The two lads have run ahead to greet their mother and sisters and play with Joshua before their evening meal. I walk silently with Nathaniel. He hasn’t said much all day, but I have gathered that his family came here when he was only a boy, exiled after his father was accused - falsely he said – of cheating an important official in a building contract in Jerusalem. In other words, Nathaniel had said, he didn’t give the official the bribe or cut he was expecting. He was hoping to earn enough money eventually to get his family out of this area and into the Jewish quarter where more prosperous folk lived, but there was prejudice against families who’d lived in this slum and he thought they might find it difficult to find somewhere decent and be accepted.
As we get closer to Nathaniel’s tent, the older lad comes back and says that Mari and Joshua aren’t there – they’ve been thrown out by the landlord’s rent collector. We break into a fast walk, in fact I almost run, but Nathaniel puts a restraining arm on my shoulder.
“We’ll find them, don’t worry. You can shelter in our tent tonight while we sort the rogue out.”
“That’s very generous of you, Nathaniel. Are you sure you’ve got enough room for us?”
“It’ll be a bit of a squeeze, but we’ll manage for one night. I’ll help you search for them. Let’s see what my wife has to say first though.”
Naomi is sitting nursing her youngest when we enter the flap of her tent. She looks up and immediately I notice that tears are welling up in her eyes.
“Joseph, the brute would not accept any promise to pay a rent. We pleaded with him, but he took no notice at all. He made Mari take Joshua out of the rented area altogether and hit me when I tried to remonstrate on their behalf. I went with them. They’re outside the city gate, down on the banks of the river on the far side of the outcasts’ township. I gave them some water and food.”
“Naomi, we must fetch them back. We can house them tonight until we can sort things out. Joseph has sufficient money now to put a down payment on the rent.”
“Husband, I’m not sure. The man threatened me that he’d be back and would throw us off this land if we tried to back them.”
I can’t accept them putting themselves at risk. “It’s alright, Nathaniel, we’ll make do somehow until tomorrow. Then I’ll find the rent man and negotiate with him.”
“You don’t negotiate with scum like that. He will tell you what is acceptable and you pay it or refuse and leave. There’s no other way. Come, let us go and fetch Mari and the child now before any harm comes to them.”
“What if that thug comes back tonight?” worries Naomi.

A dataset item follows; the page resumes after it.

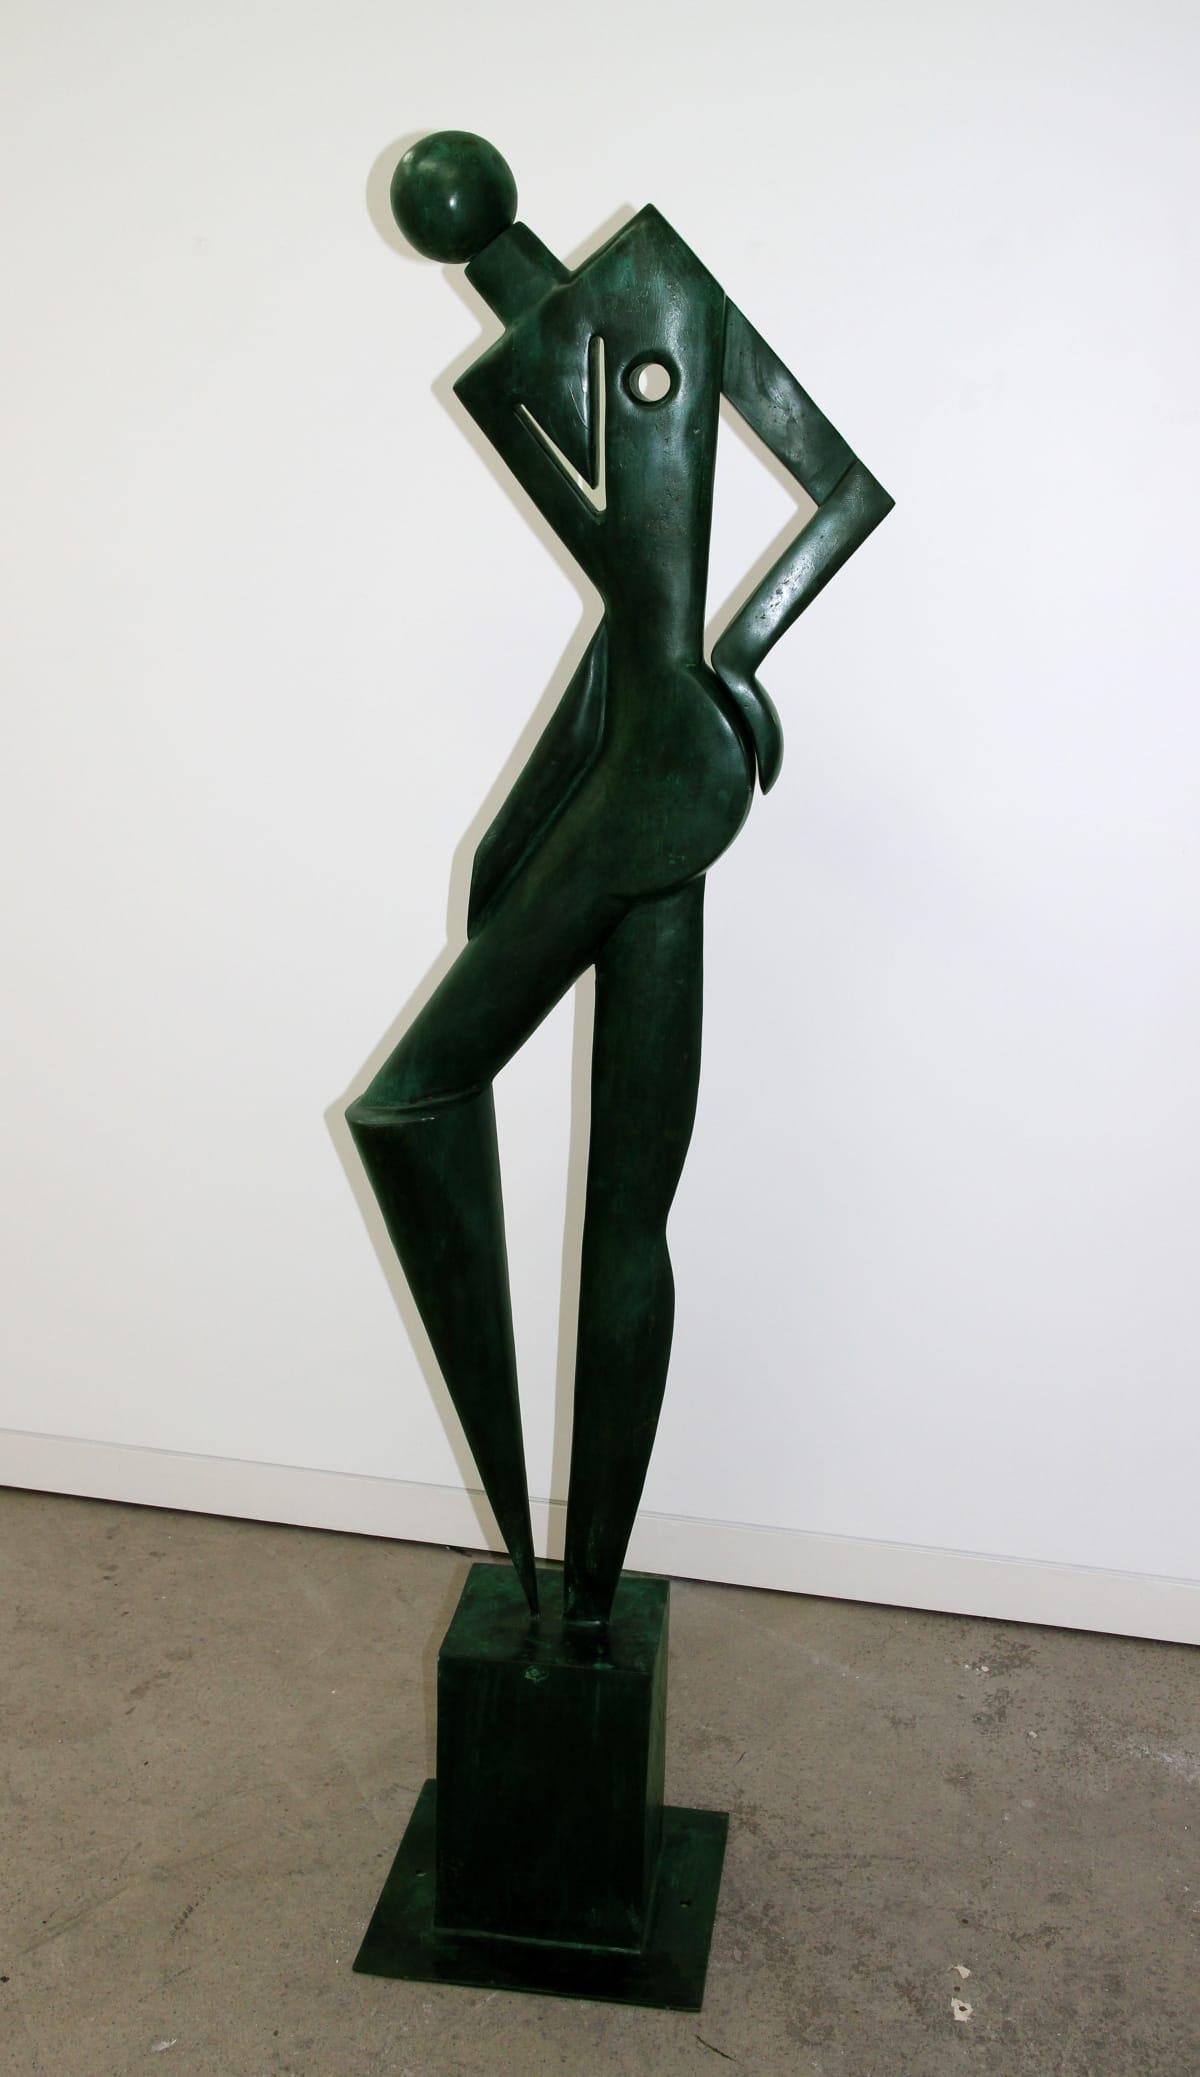 Paul DIBBLE Figure Observing, 1/2, 2014 Cast Patinated Bronze 78.7 x 14.6 x 13.4 in 200 x 37 x 34 cm

I can see her point of view.
“He’ll not be back. Not tonight anyway. And in the morning Joseph will be with me at the jetty and here’ll just be you and Mari and Rebecca and Joshua. Why should he come back anyway? You’ve just paid him. And if he comes back, what will he find? You’ve just got a visitor because you’re friends. So what?”
“Come, Joseph, let’s go and find Mari.”
“Can I come too?” pipes up a voice from the depths of the tent. It’s Anna, the seven year old. If she’s been scavenging on the tip all day, I’m surprised she has enough energy to want to walk with us.

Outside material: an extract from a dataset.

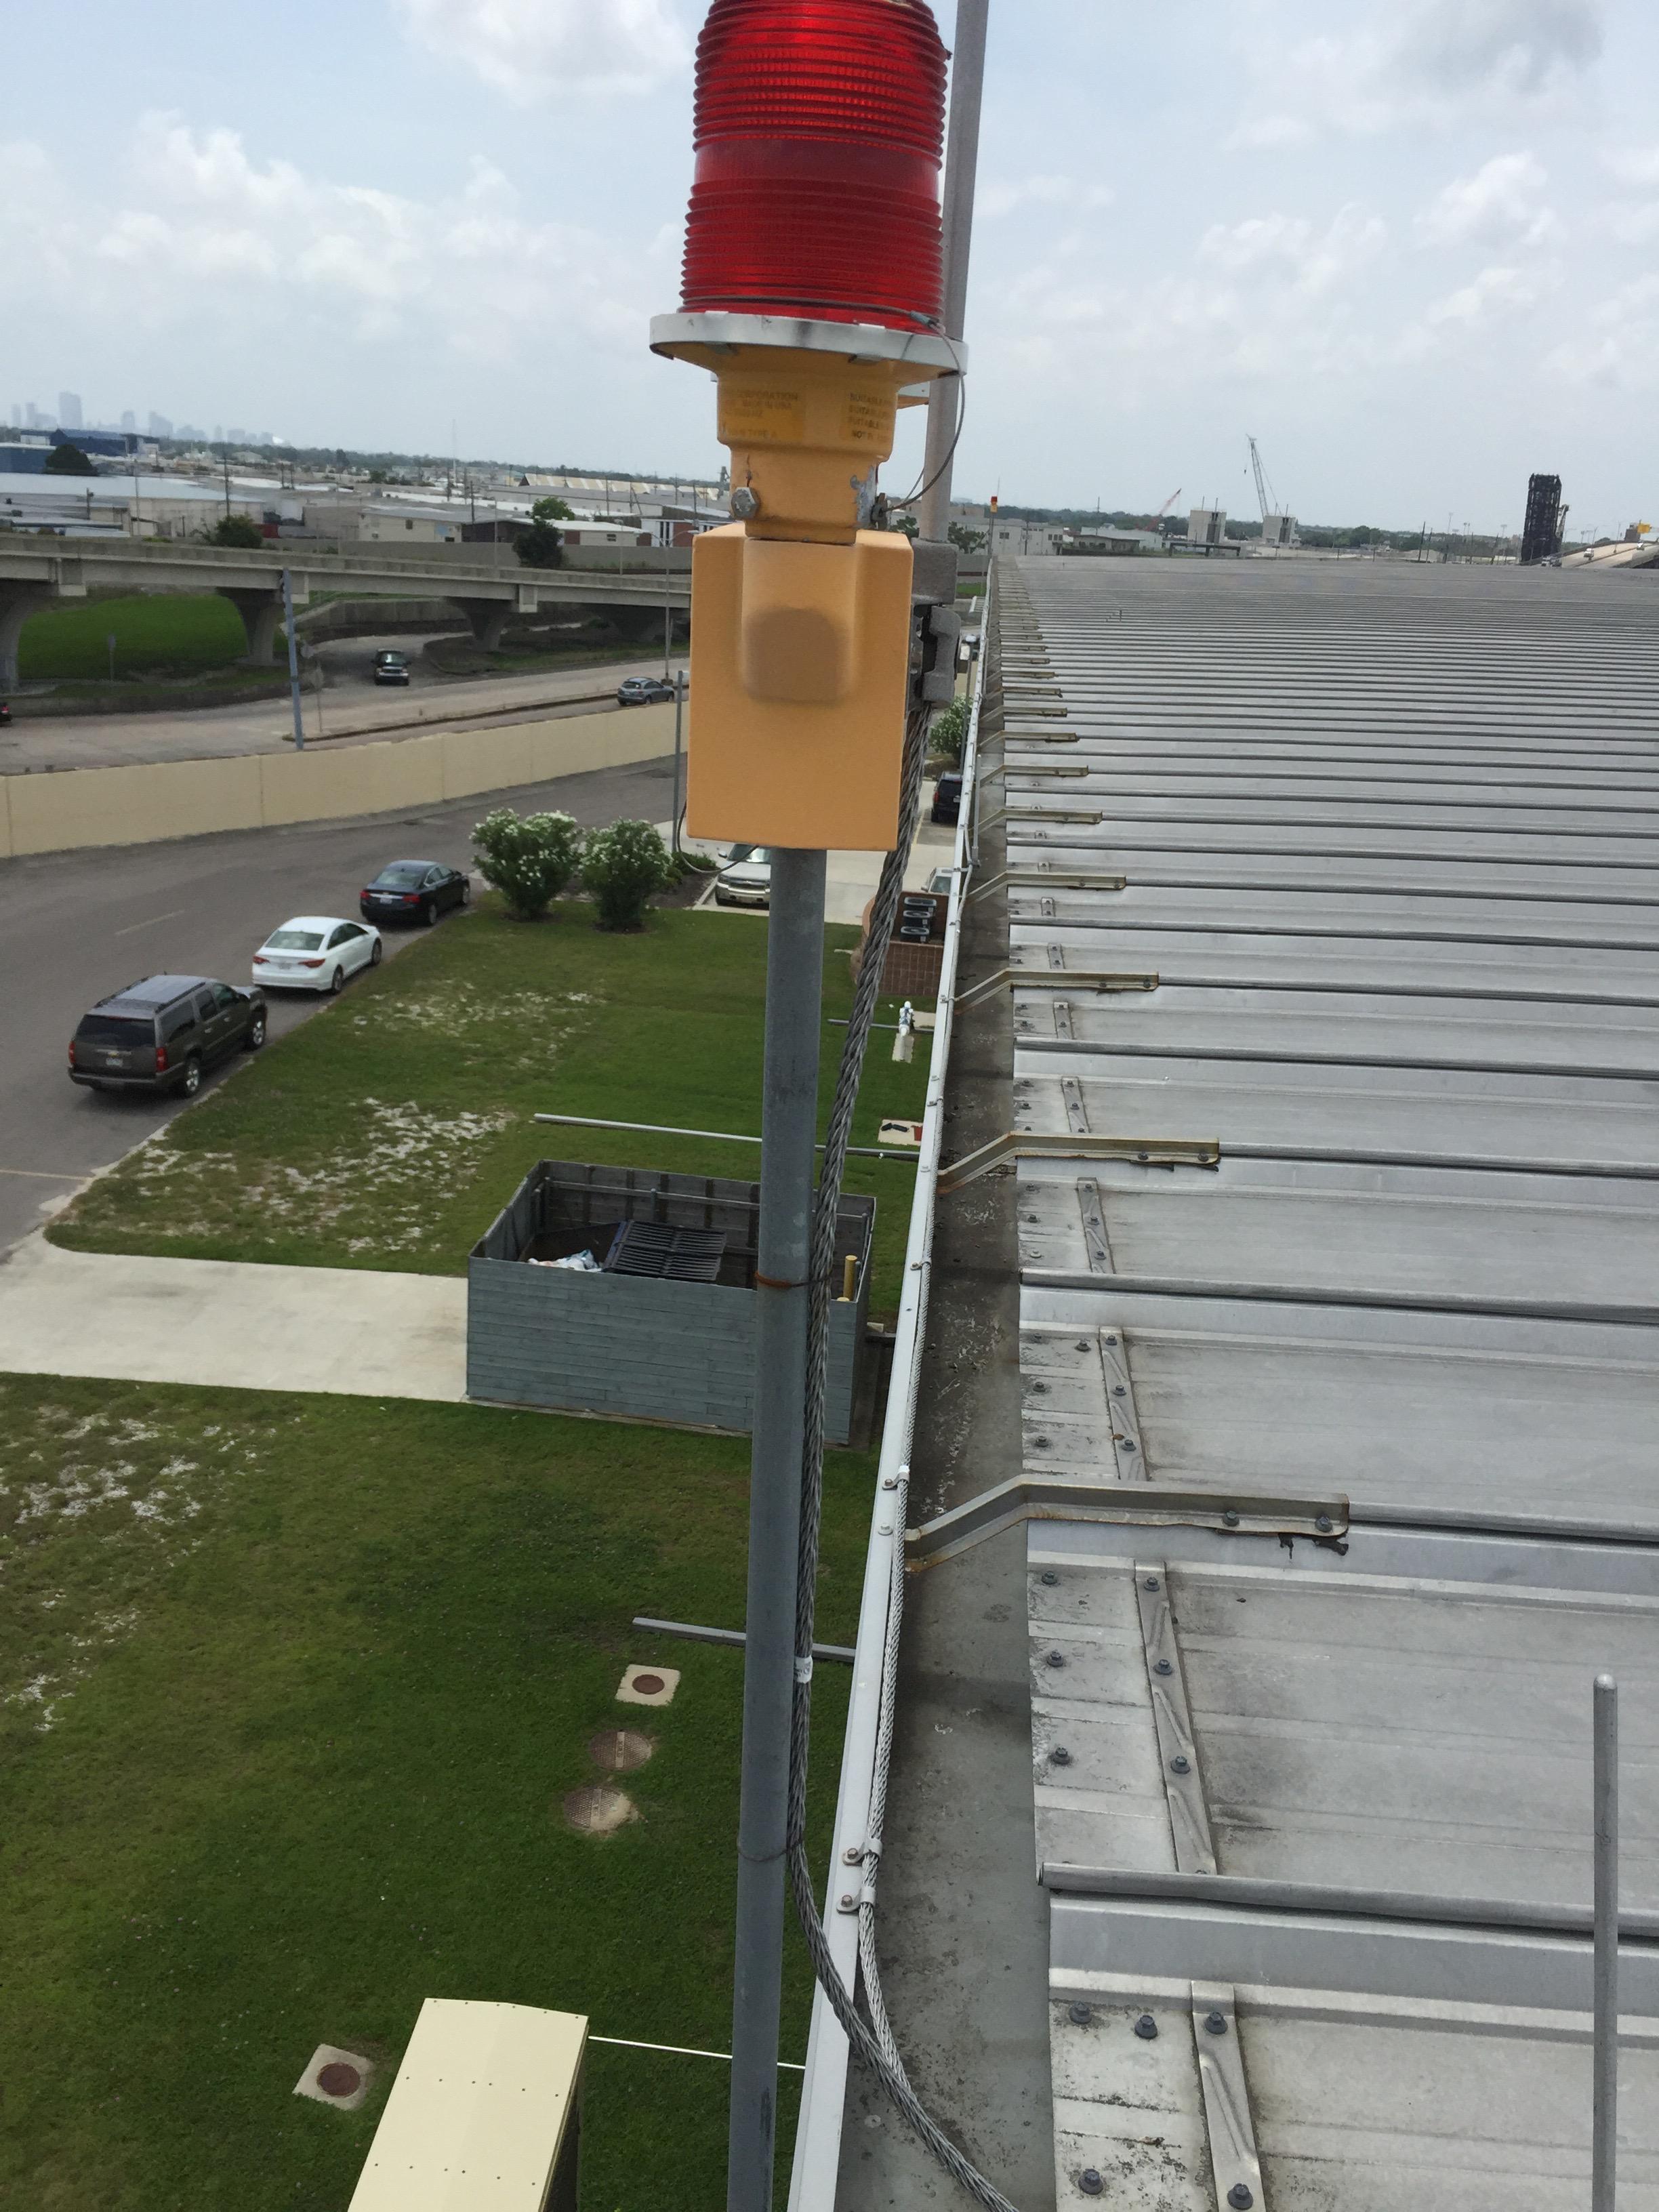 Rooftop warning lights

Nathaniel is about to tell her not to be so silly, when Naomi says, “She came home in the early afternoon because she was being hounded by some youths and was scared. She’s bored and she can keep Joshua amused when you find him.”
So Anna is allowed to accompany us. She holds her father’s hand and squeezes between the two of us and grasps my hand too. I think she feels safe between two big men and we set off at a good pace with her putting in a few extra paces to keep up. She is nattering to Nathaniel and I don’t catch everything she is saying because her dialect is so strong. I think she’s complaining about the threatening behaviour of the boys on the tip this afternoon and the teasing from them that she encountered. Nathaniel in any case is making soothing reassuring noises.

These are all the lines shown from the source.